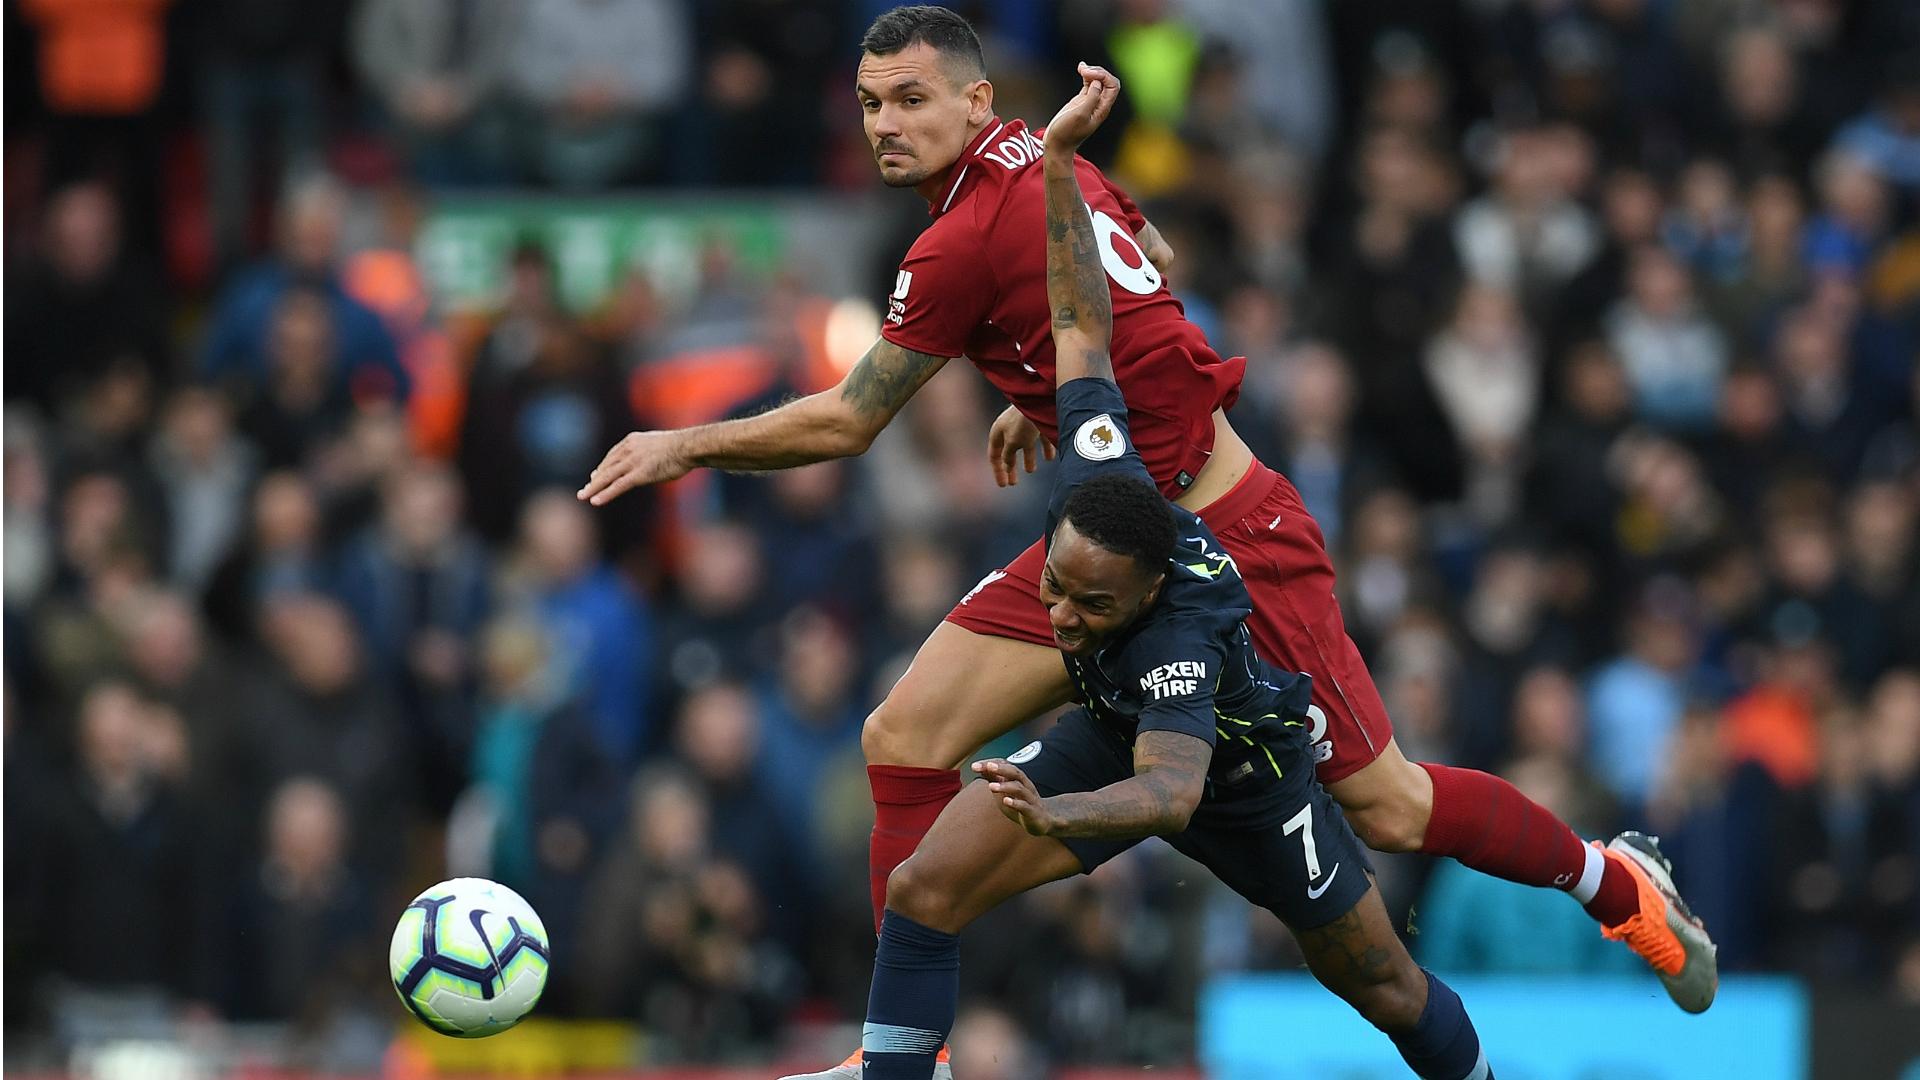 Dejan Lovren Daniel Sturridge Liverpool Manchester City EPL 07102018
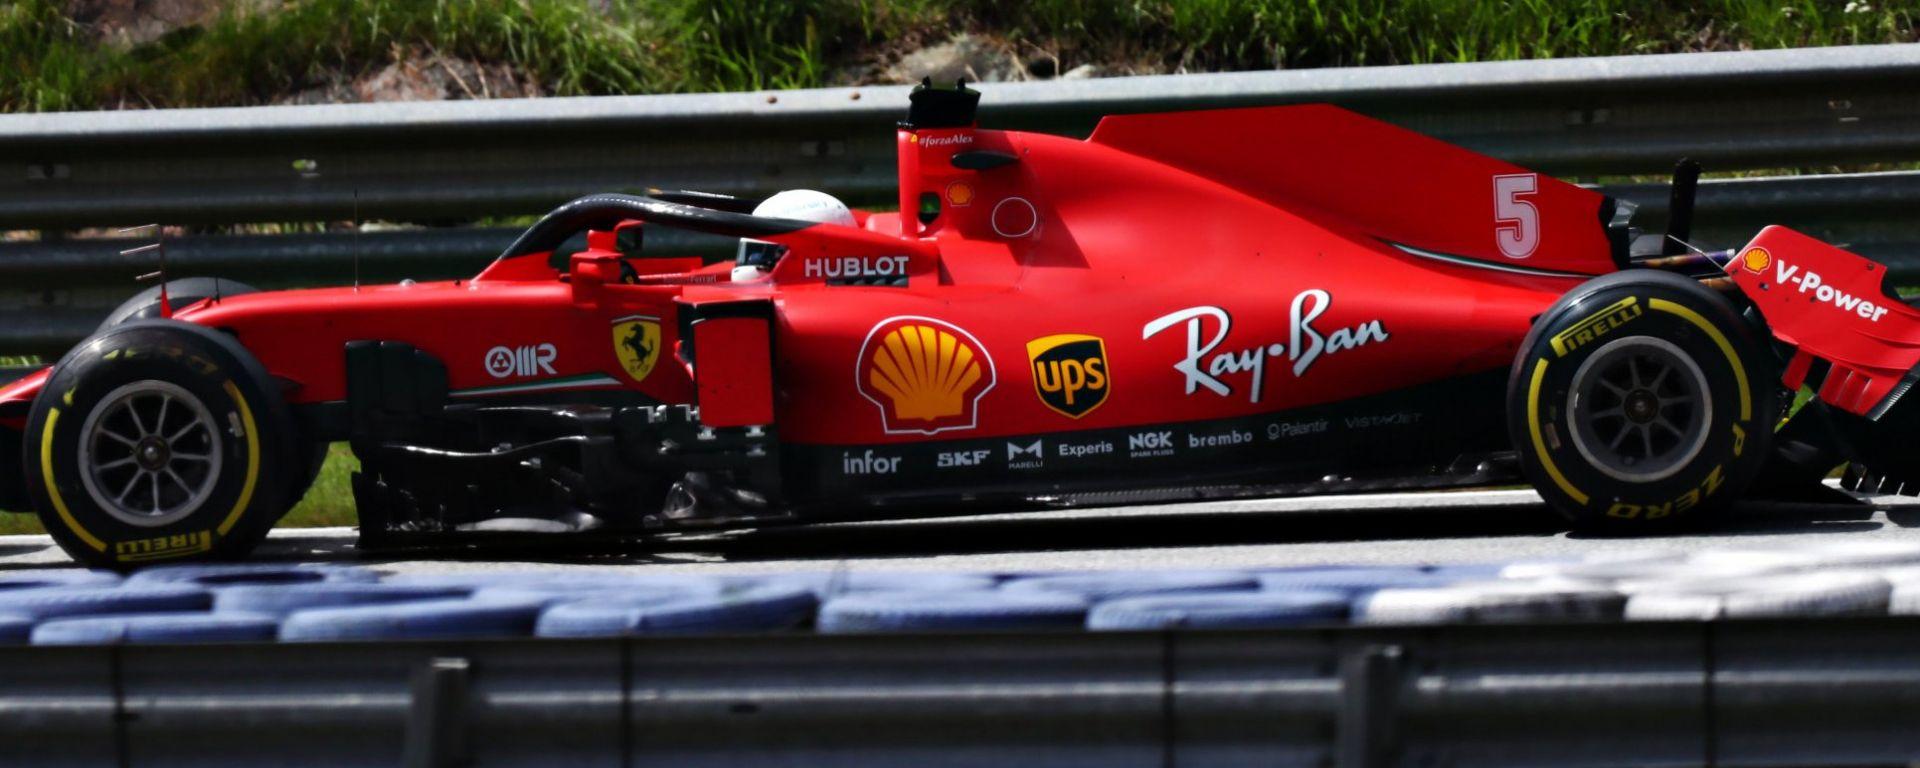 F1 GP Stiria 2020, Spielberg: la Ferrari incidentata di Vettel dopo il contatto con Leclerc
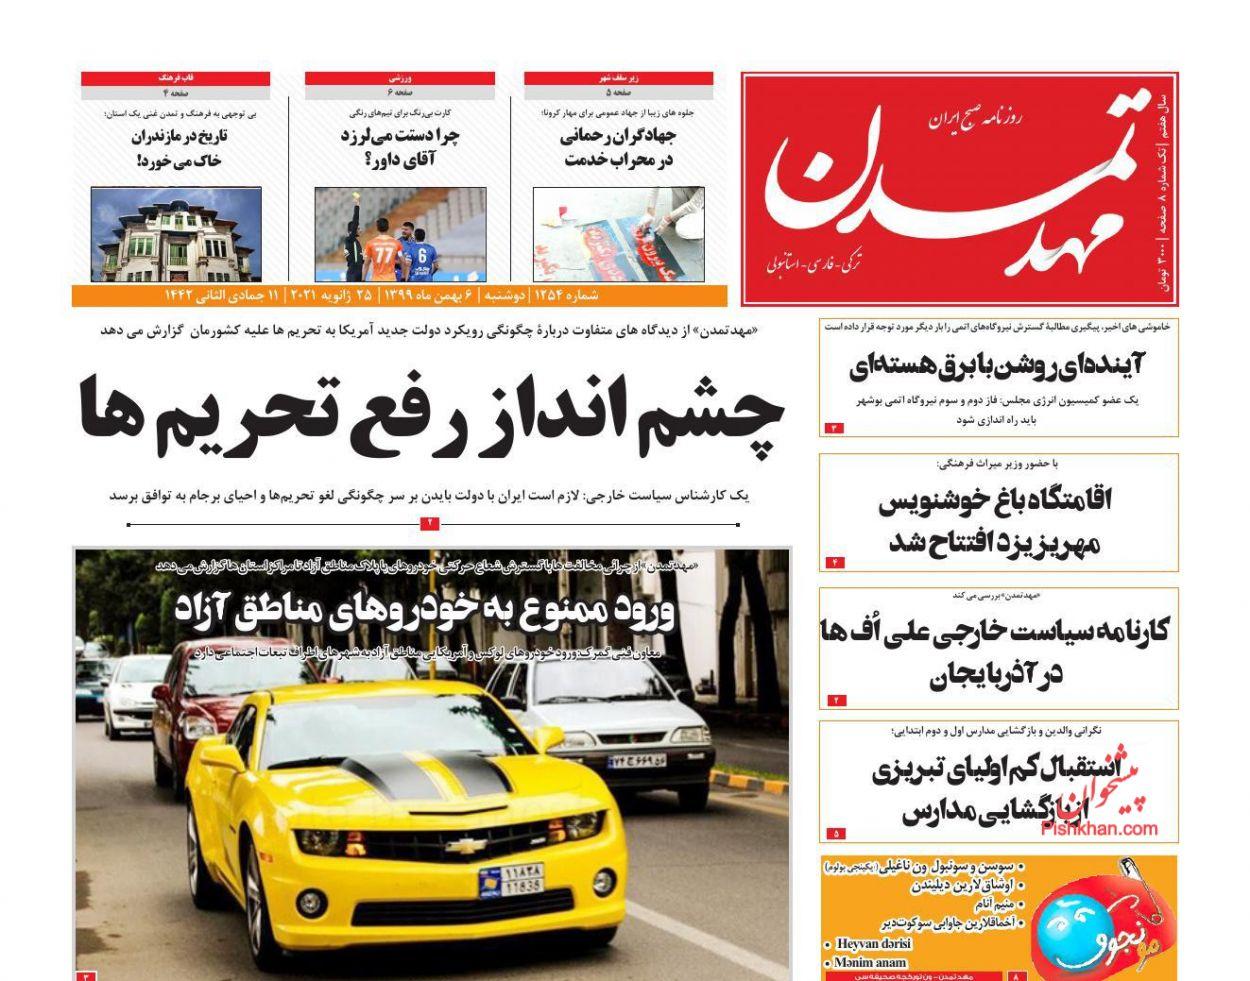 عناوین اخبار روزنامه مهد تمدن در روز دوشنبه ۶ بهمن
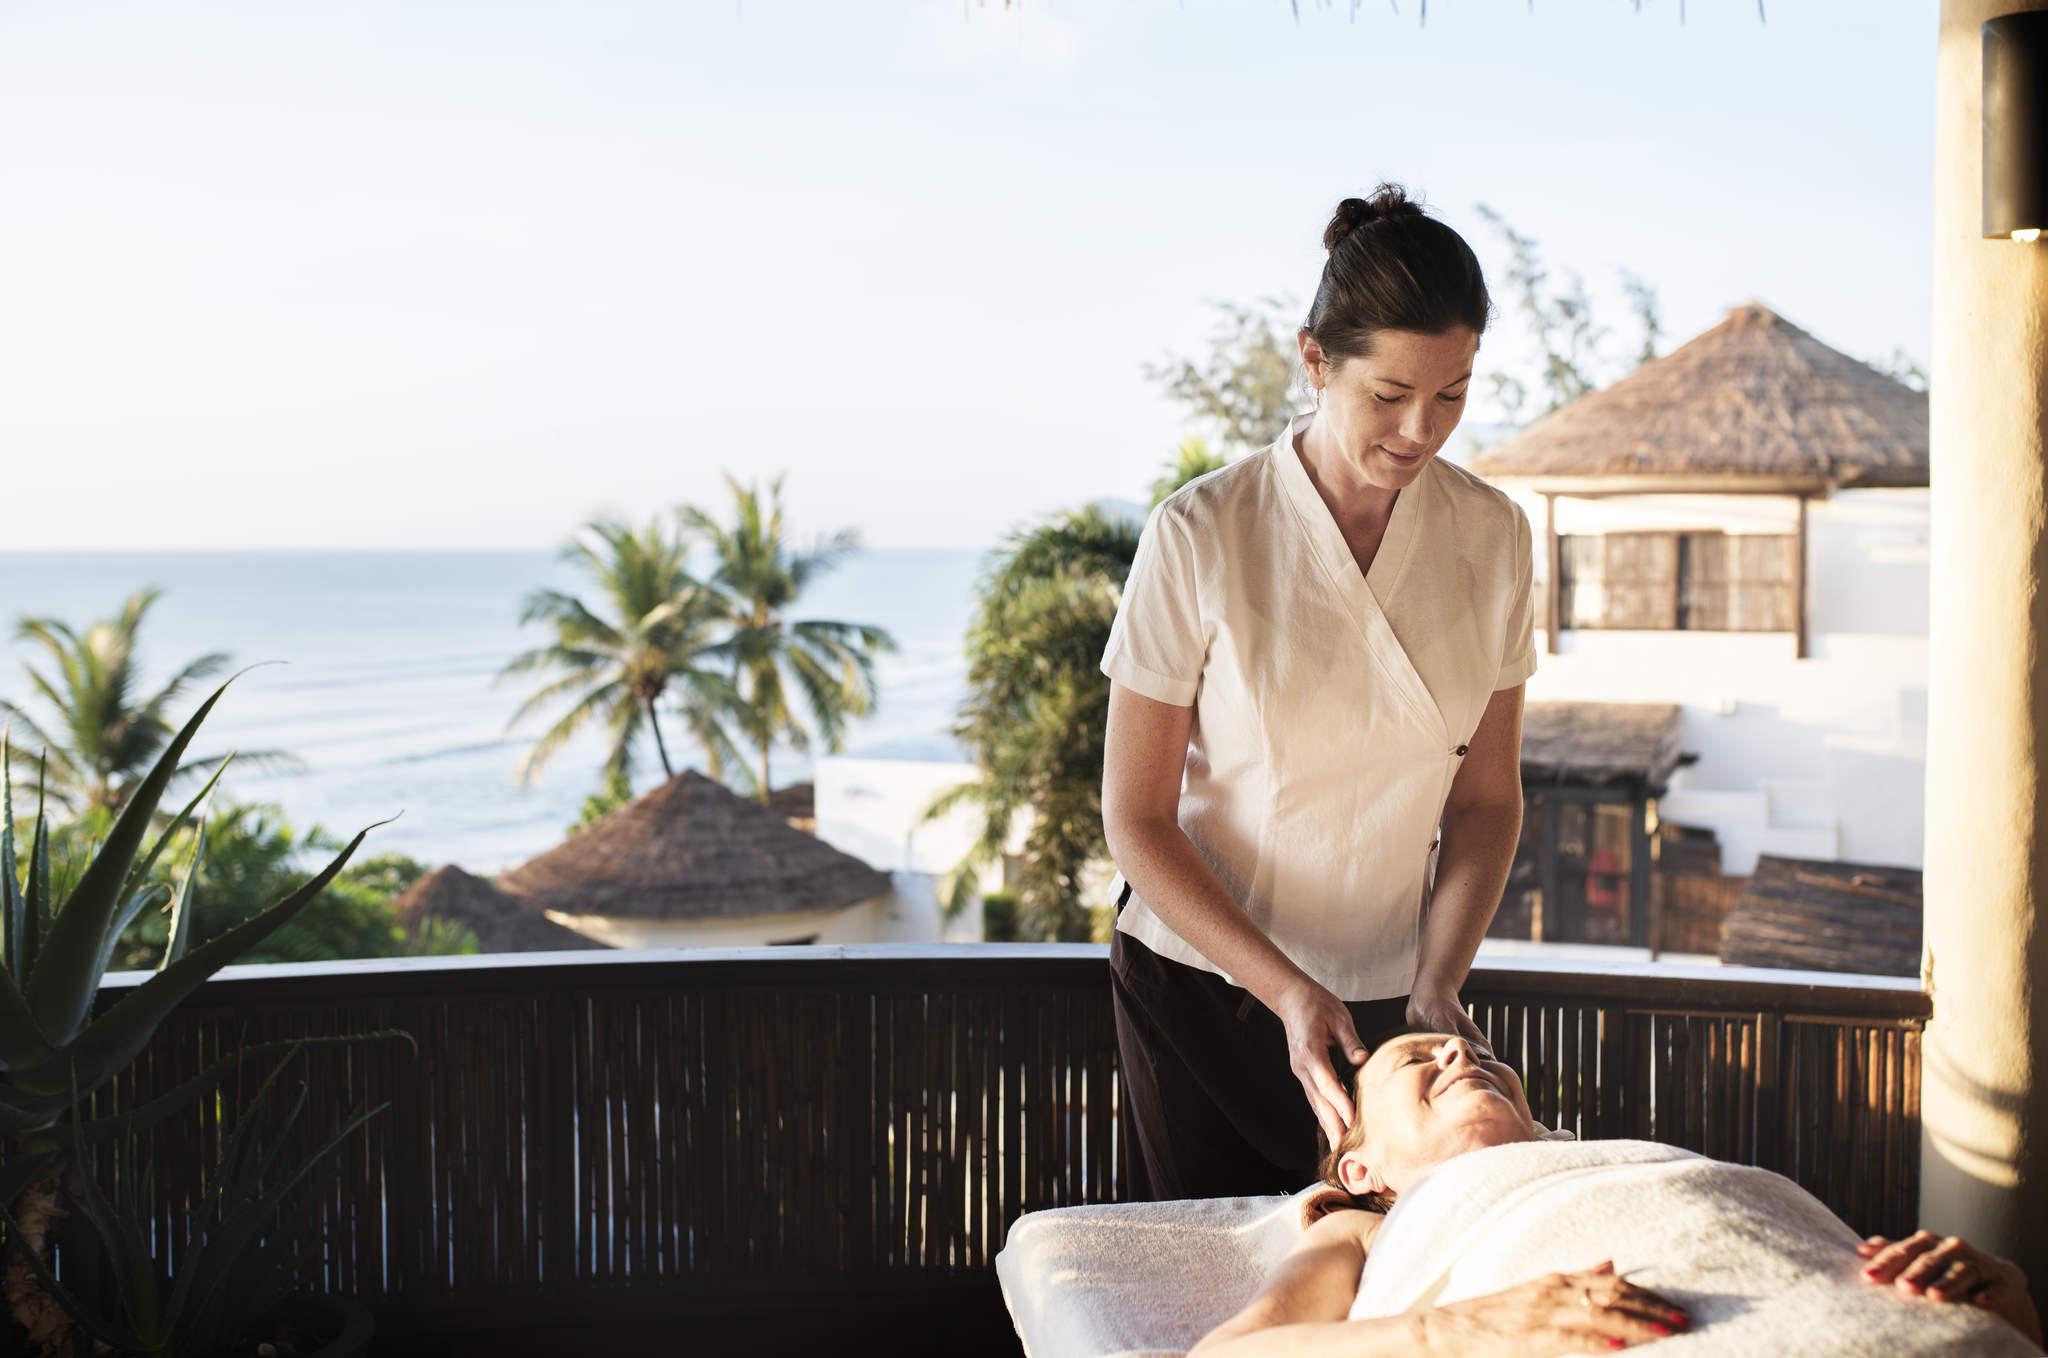 kadının başına masaj yapan masör, çam terebentin nasıl kullanılır
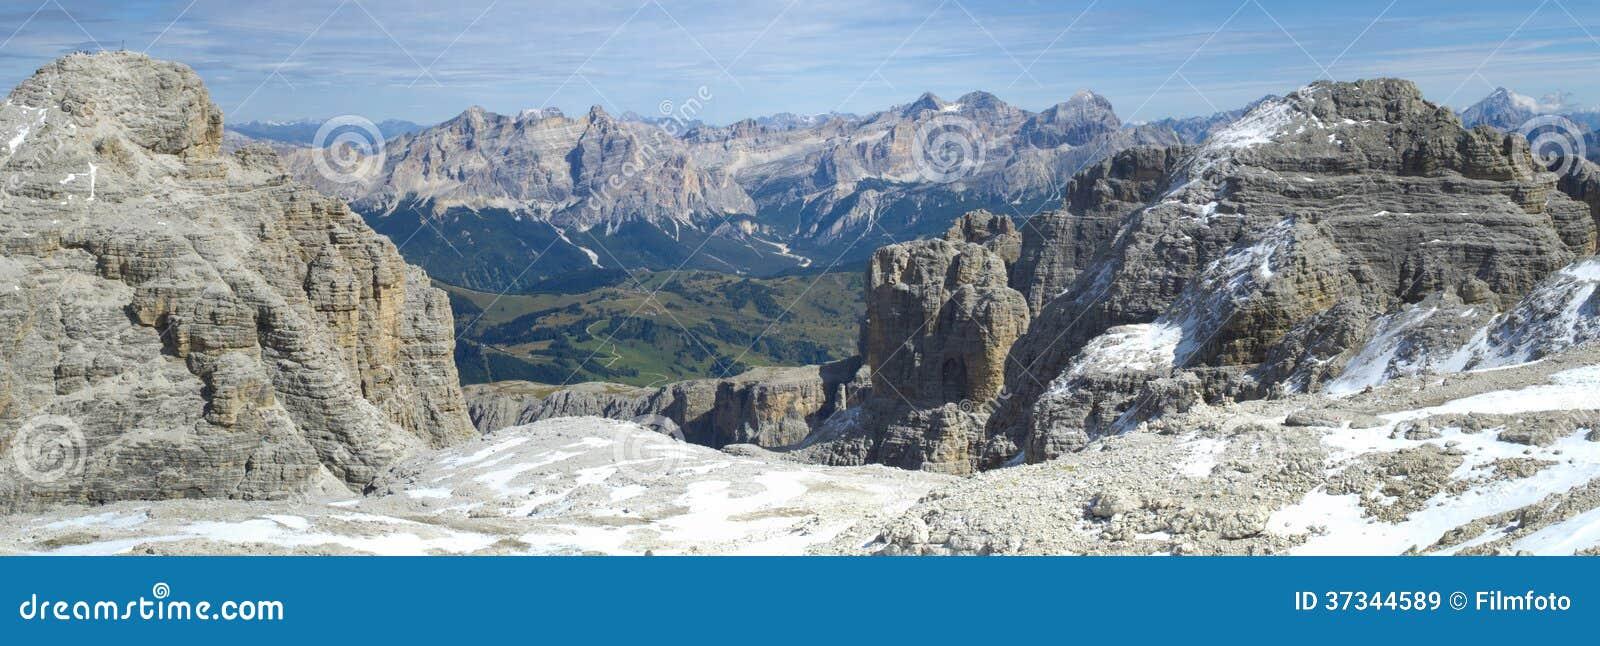 阿尔卑斯白云岩全景

════

▶ WORK INSTRUCTIONS
Could you print the listing above exactly, without the pictures?

▶ TASK OUTPUT
 Dejan Lovren Daniel Sturridge Liverpool Manchester City EPL 07102018
 F1 GP Stiria 2020, Spielberg: la Ferrari incidentata di Vettel dopo il contatto con Leclerc
 عناوین اخبار روزنامه مهد تمدن در روز دوشنبه ۶ بهمن
 kadının başına masaj yapan masör, çam terebentin nasıl kullanılır
 阿尔卑斯白云岩全景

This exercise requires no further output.